__EXERCISE DESCRIPTION__
Give the lines again exactly as they appear below, from the line with "Art Deco Chinese" to the line with "Ricky Ponting on", both included, and only those lines. Leave every picture out.

__THE DATA__
--------------------
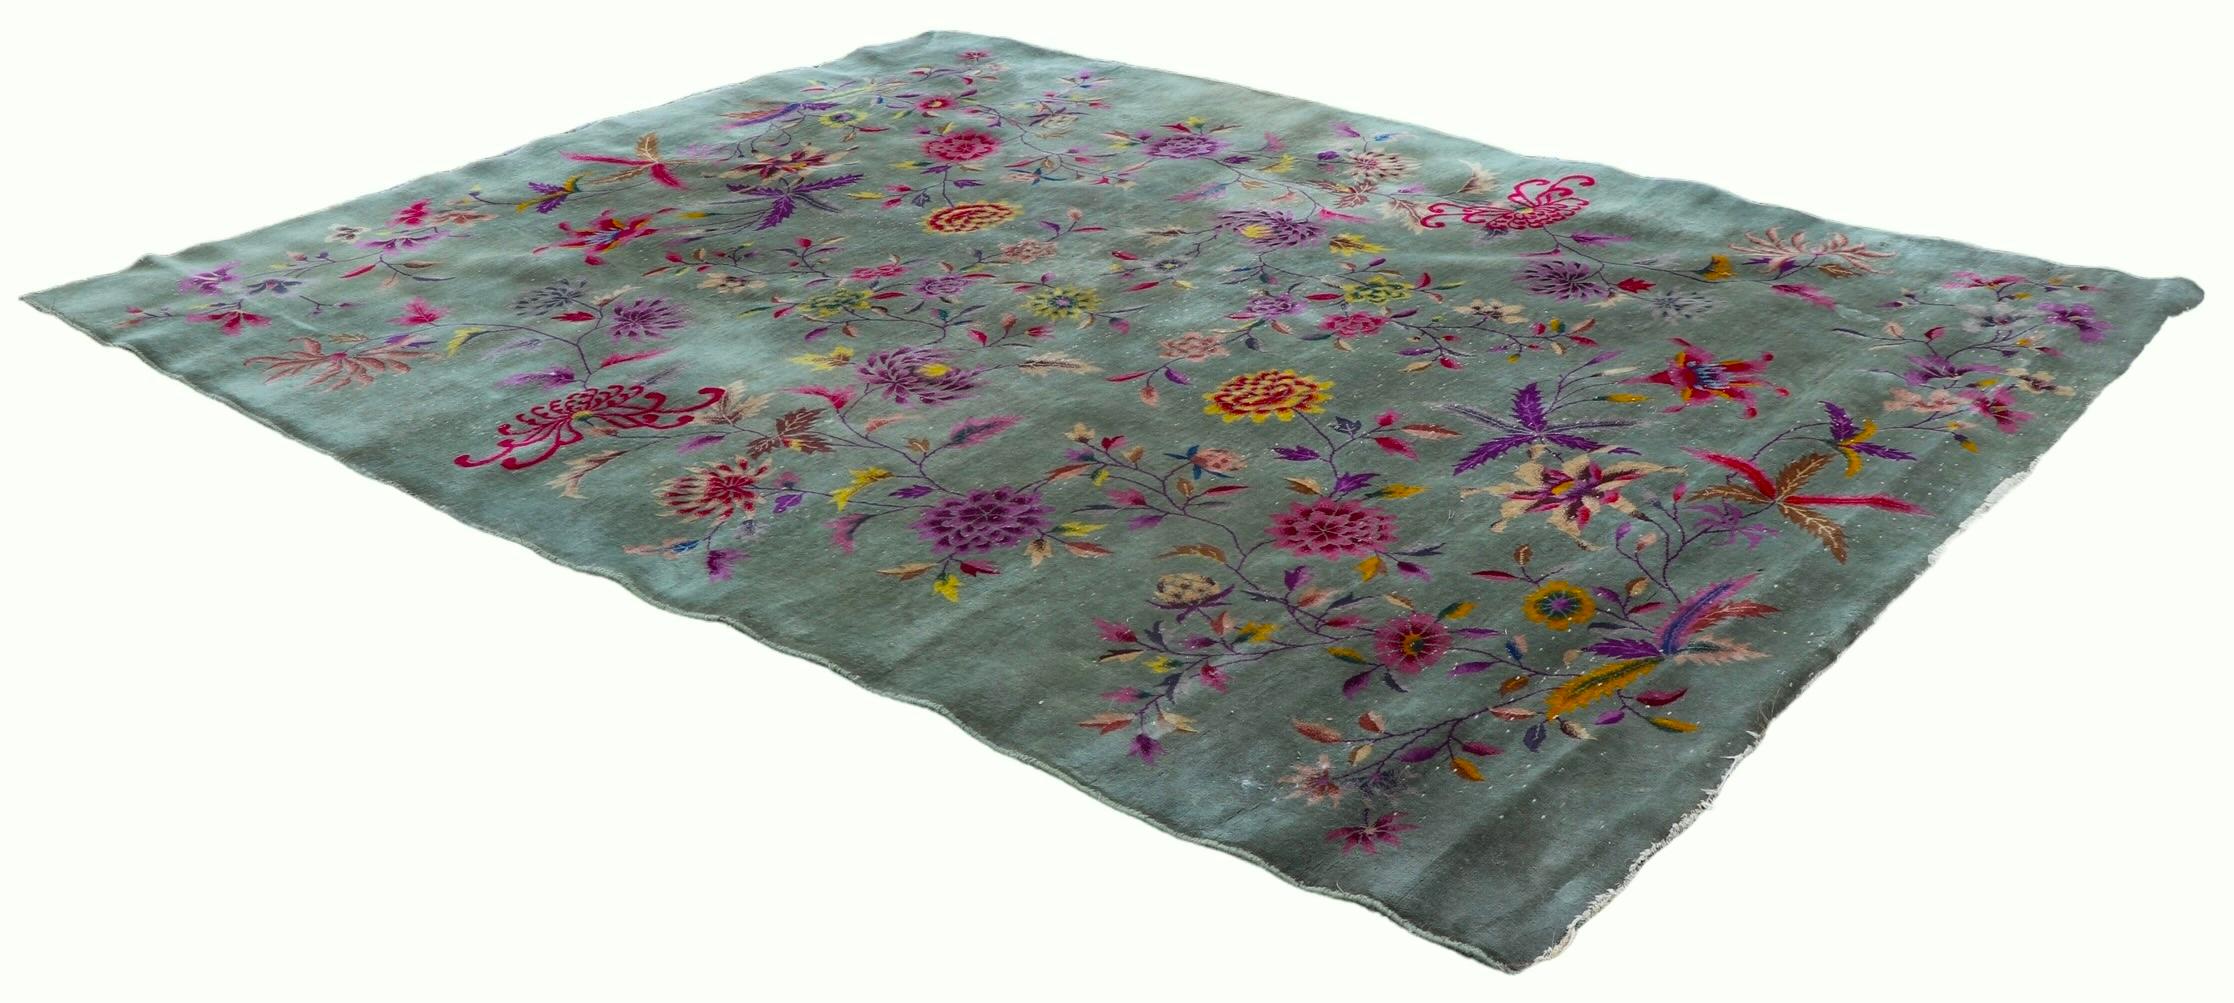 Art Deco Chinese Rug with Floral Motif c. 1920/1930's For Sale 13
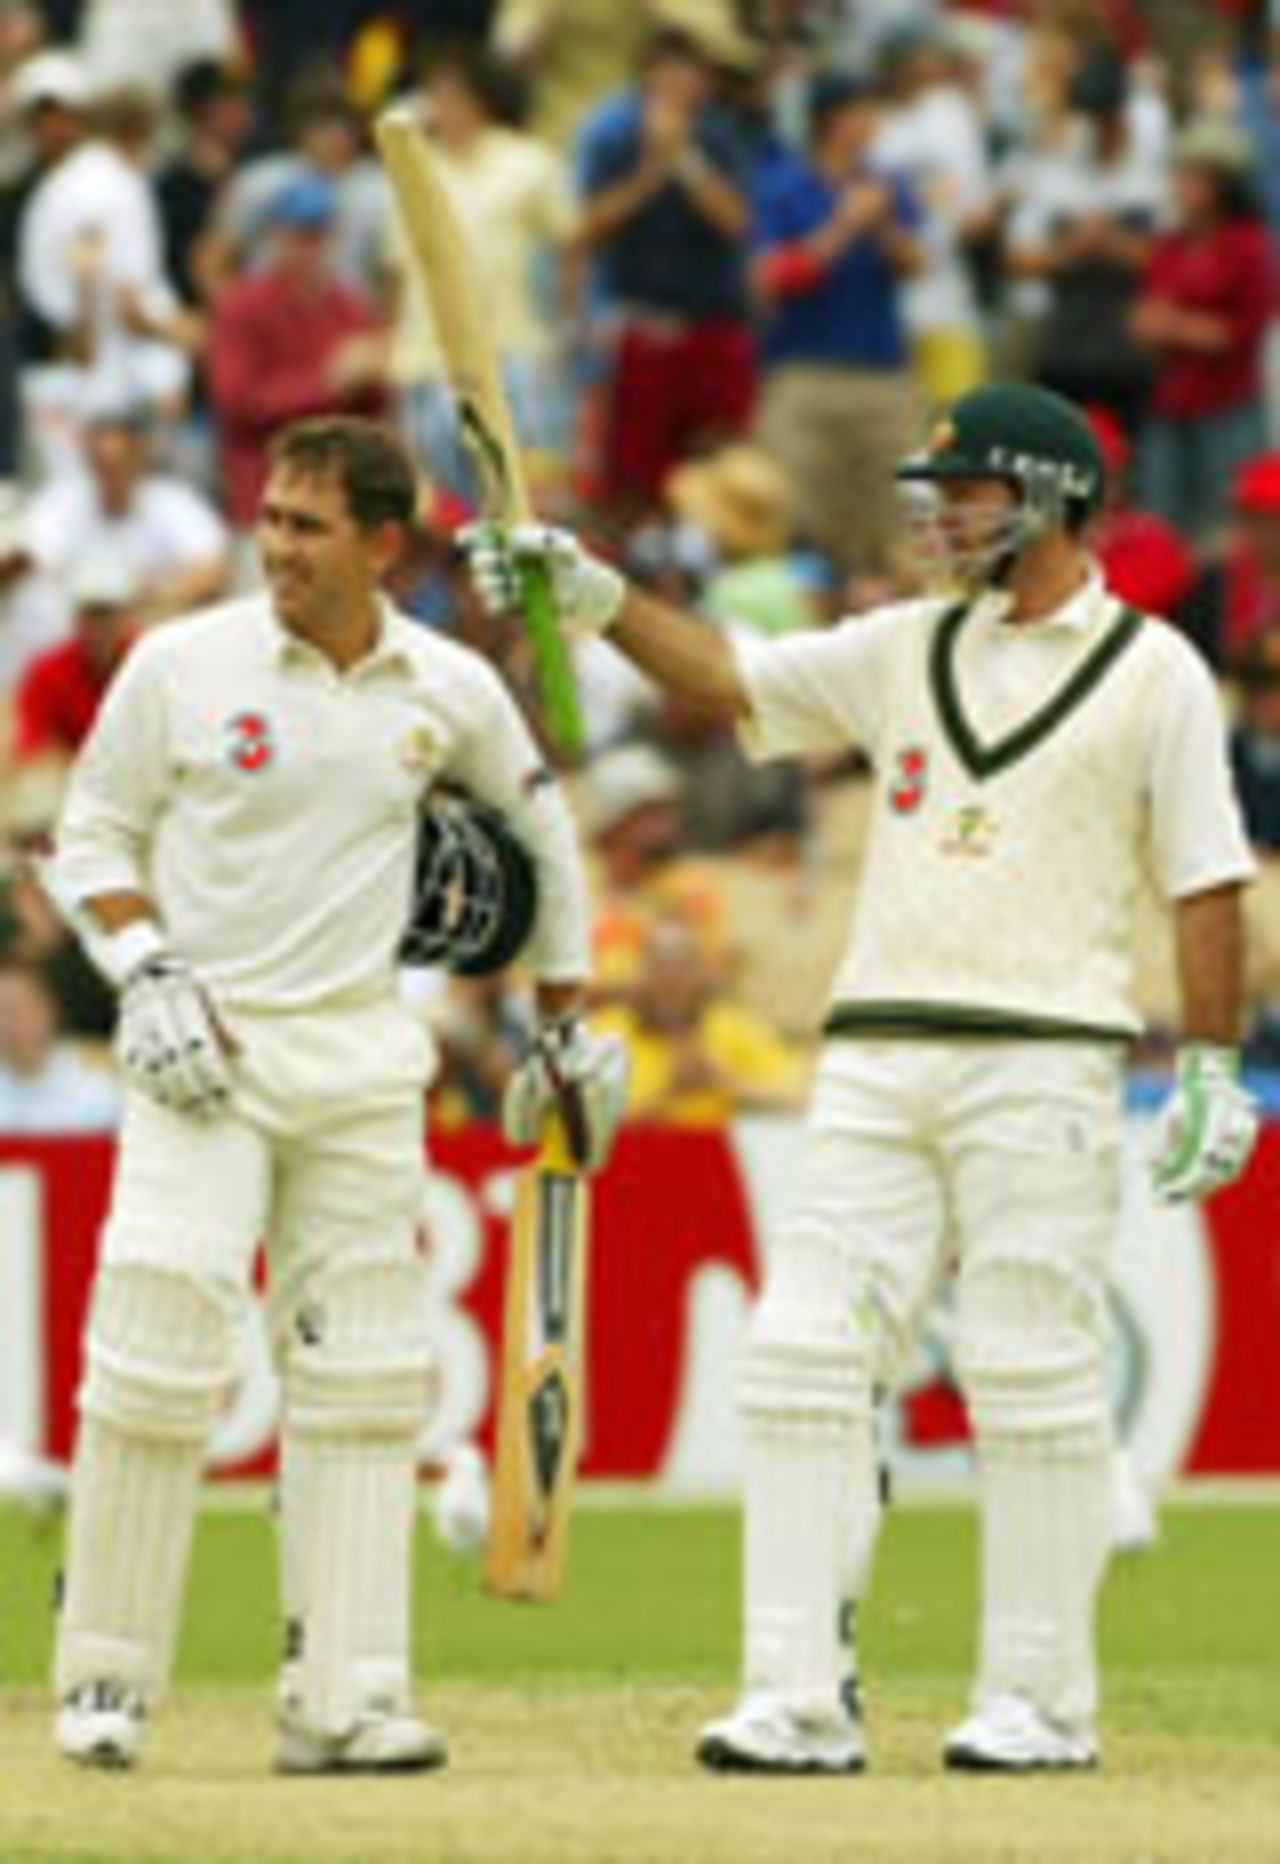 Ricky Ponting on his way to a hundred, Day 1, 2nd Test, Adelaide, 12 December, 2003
--------------------
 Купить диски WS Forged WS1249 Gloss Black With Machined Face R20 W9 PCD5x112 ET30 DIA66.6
--------------------
__OUTPUT OF THE EXERCISE__
 Art Deco Chinese Rug with Floral Motif c. 1920/1930's For Sale 13
 Ricky Ponting on his way to a hundred, Day 1, 2nd Test, Adelaide, 12 December, 2003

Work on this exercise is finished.